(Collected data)
※ ※ ※

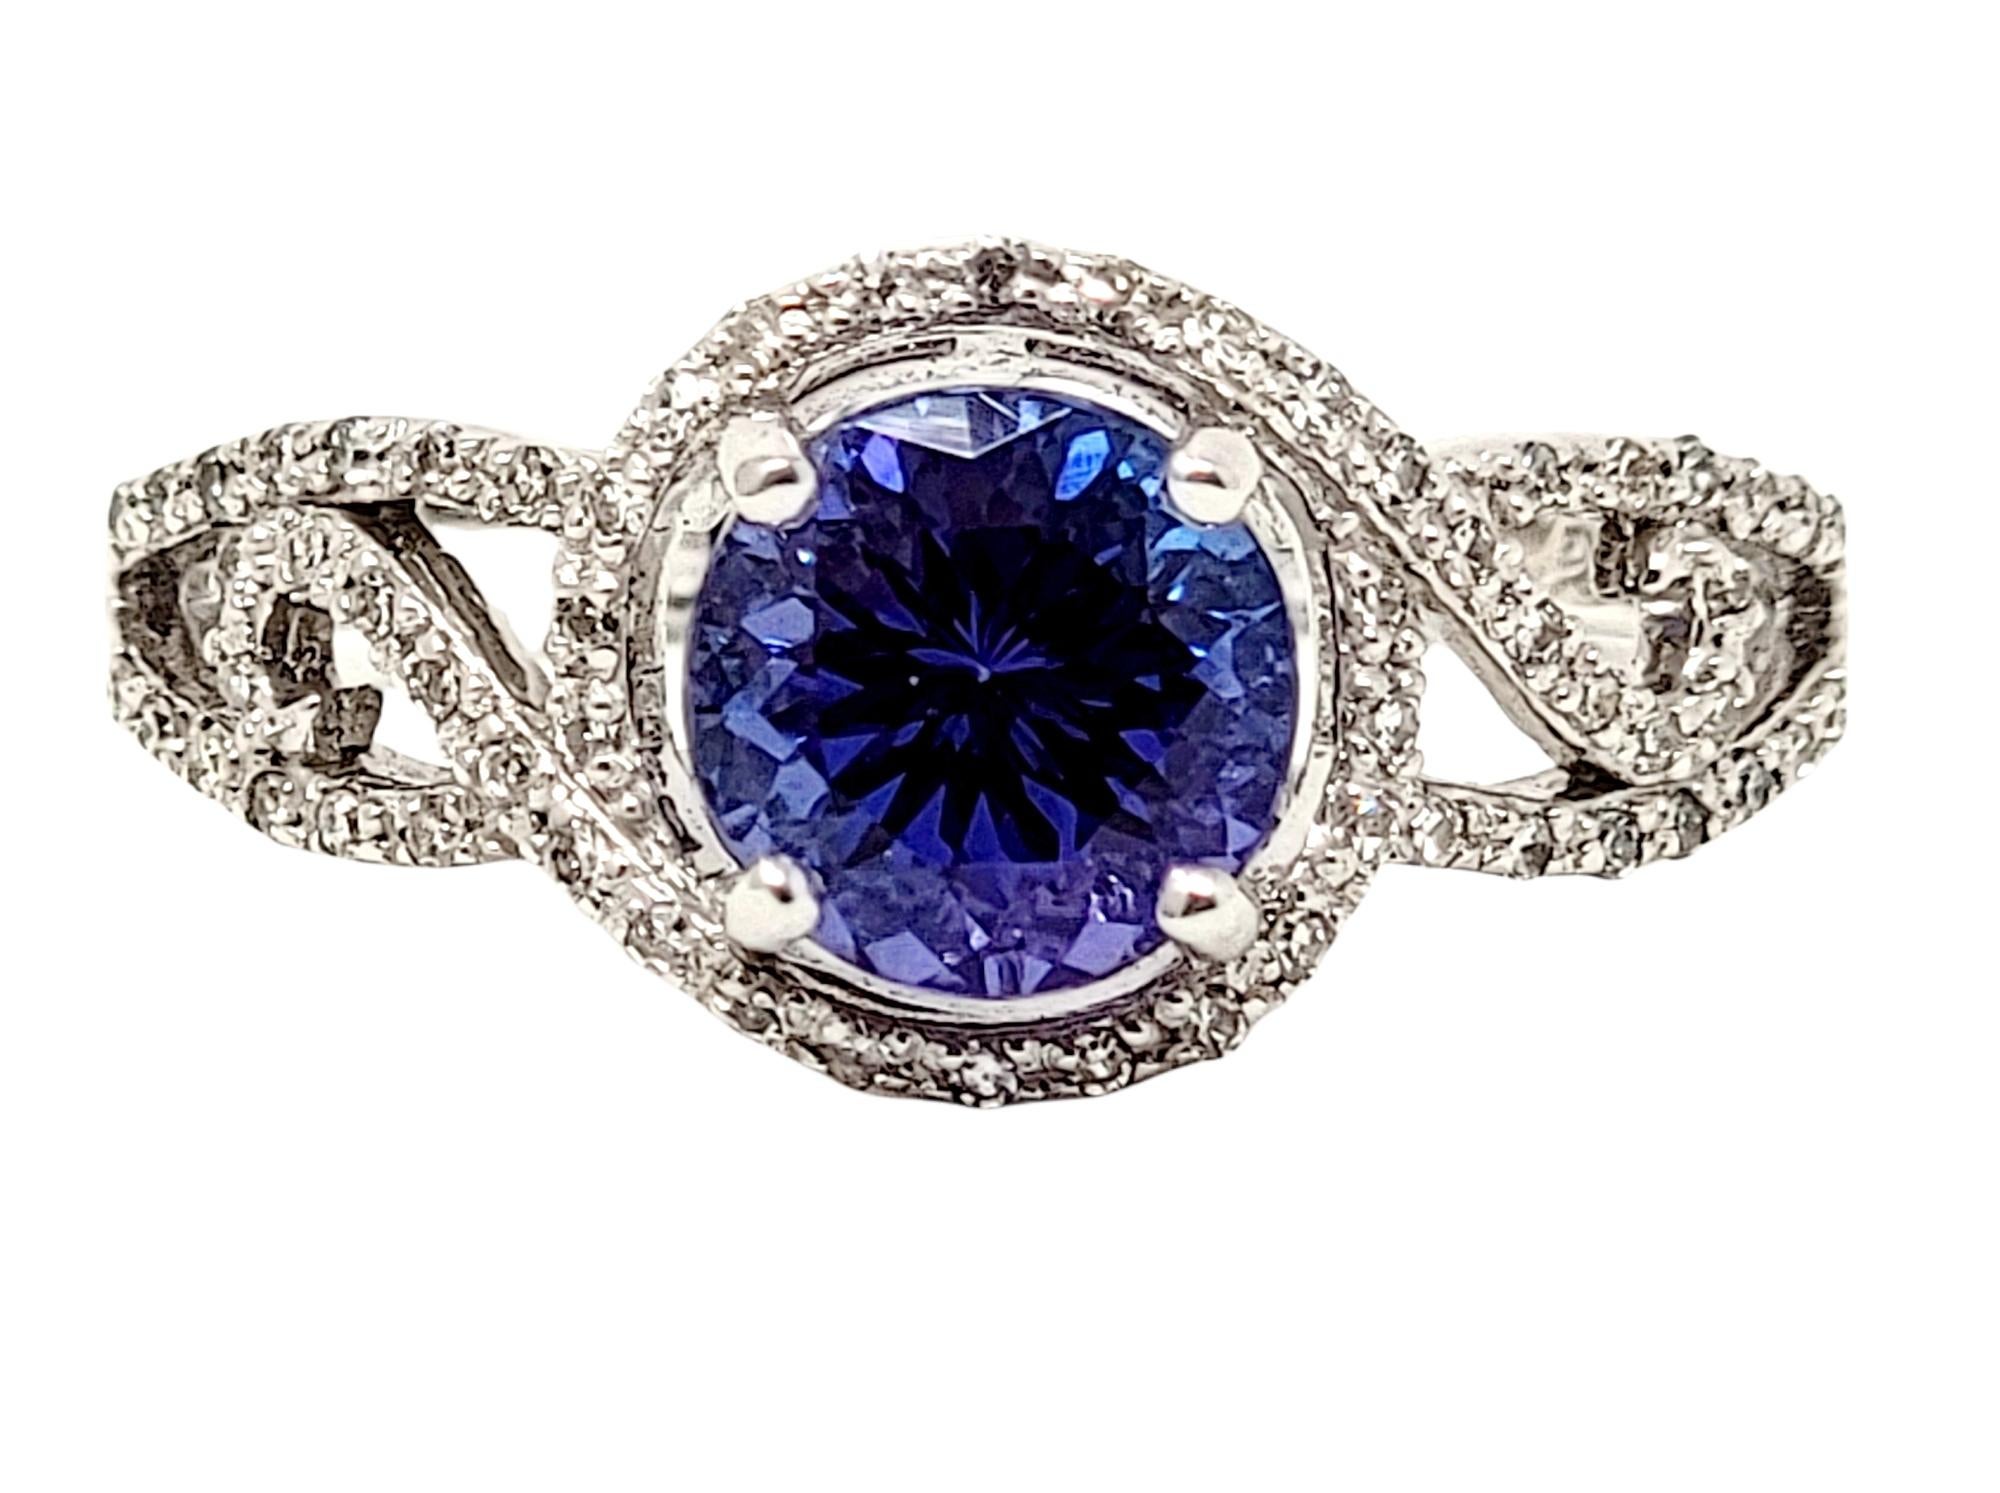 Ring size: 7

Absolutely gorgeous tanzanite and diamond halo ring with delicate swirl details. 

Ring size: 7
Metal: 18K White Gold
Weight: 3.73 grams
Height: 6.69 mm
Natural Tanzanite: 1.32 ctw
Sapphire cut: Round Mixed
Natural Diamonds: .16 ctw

※ ※ ※

**TASK ITEM:**
Identify the lines of the entries containing the string "Natural". Copy each such line.

**EXERCISE RESPONSE:**
Natural Tanzanite: 1.32 ctw
Natural Diamonds: .16 ctw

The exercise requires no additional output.